When you use pencil and paper, the worst thing you have to worry about is your pencil breaking. Or your pen running out of ink. Or the paper ripping.

But when you switch to digital creation, there's so many things that can go wrong! Including, but not limited to, the following points:

  1. Your pen ran out of batteries, so guess you can't draw until you get new ones
  2. Your tablet is running out of battery, so go recharge it before drawing more
  3. You have too many layers and tabs open, time for lag!
  4. Frantically try to merge layers and close windows to lower the lag
  5. Your fake brush isn't blending the right way. Doesn't look as cool as the example images.
  6. You can't find the damn layer you need to fix that 1 line or 1 little dot, time to spend 15 minutes looking for it!
  7. Your program crashed again, time to redo everything
  8. Your PC isn't strong enough to handle this project, guess it'll have to be lowered or cancelled!
  9. Your keyboard broke. Again!
  10. You need the zoom in key and escape key but they're broken, and of course it's never a key like "q" that breaks, why would that happen?
  11. Wifi is down. Servers are down. Chat dies.
  12. Converting images from WebP to PNG/JPG, because despite every damn website trying to push it, none of the older programs actually support it! ;w;
  13. Googling your problem, to find a 4 year old thread with no one else knowing how to fix it either
  14. Google Images is gradually being filled with AI slop. Well actually, it's the whole internet, but yeah.
  15. Websites are dying again. Probably...
  16. Computer not working. Restart. Reopen everything. Doesn't fix it. Repeat forever.
  17. You hit your reply limit for the day, because that's a thing now
  18. You need more money to upgrade your software or skills
  19. Your mic isn't working. Audio issues. You're muted. There's a weird noise. It sounds crappy. Try again.
  20. You think about yeeting your phone across the room & quitting everything forever! AAAAAAAAAAAAA

It's something I could attempt to juggle when it was just drawing pictures.
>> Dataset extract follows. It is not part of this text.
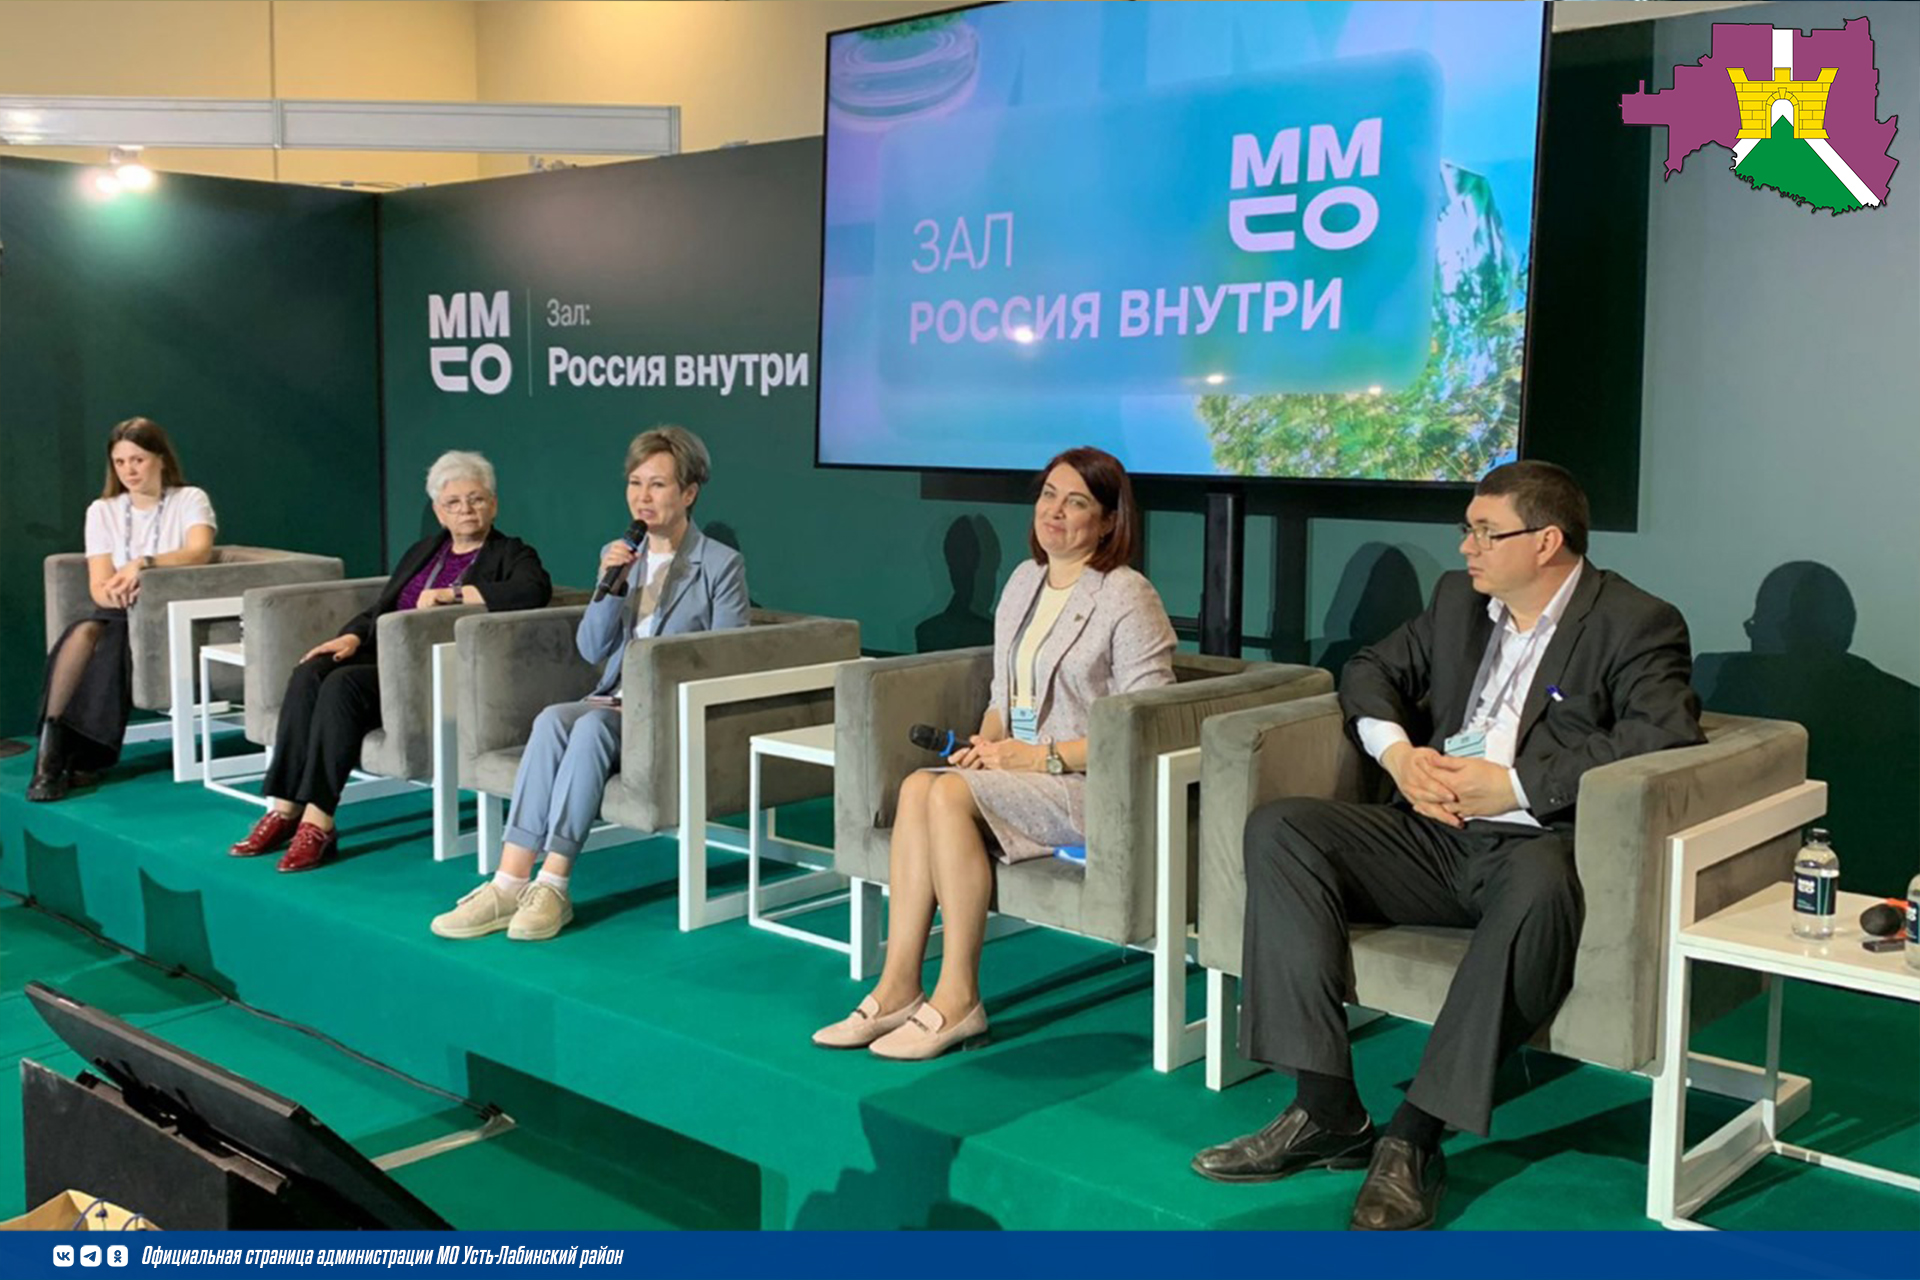 Усть-Лабинский район представили в составе делегации от Краснодарского края на Московском международном салоне образования

But now that I'm adding video editing, recording, and potentially even more digital forms of art in the future, this is only getting to get bigger and more frustrating.

More time spent juggling things *not working*, than *actually working*...

Some days I REALLY miss drawing on paper and scanning it into a scanner machine to post online...

And having like 10 people see it, and being happy with that, because I was still young and felt like I had plenty of time left.

Instead, I'm a failing adult, and the stress never goes away for long...


---Trying to Light the Room, when Stress is Eating at your Heart & Brain

Kinda dreading recording lately, because you really can't hide your tone of voice.

Some of the recordings sound bad or off, but I can't get it to sound "right" either.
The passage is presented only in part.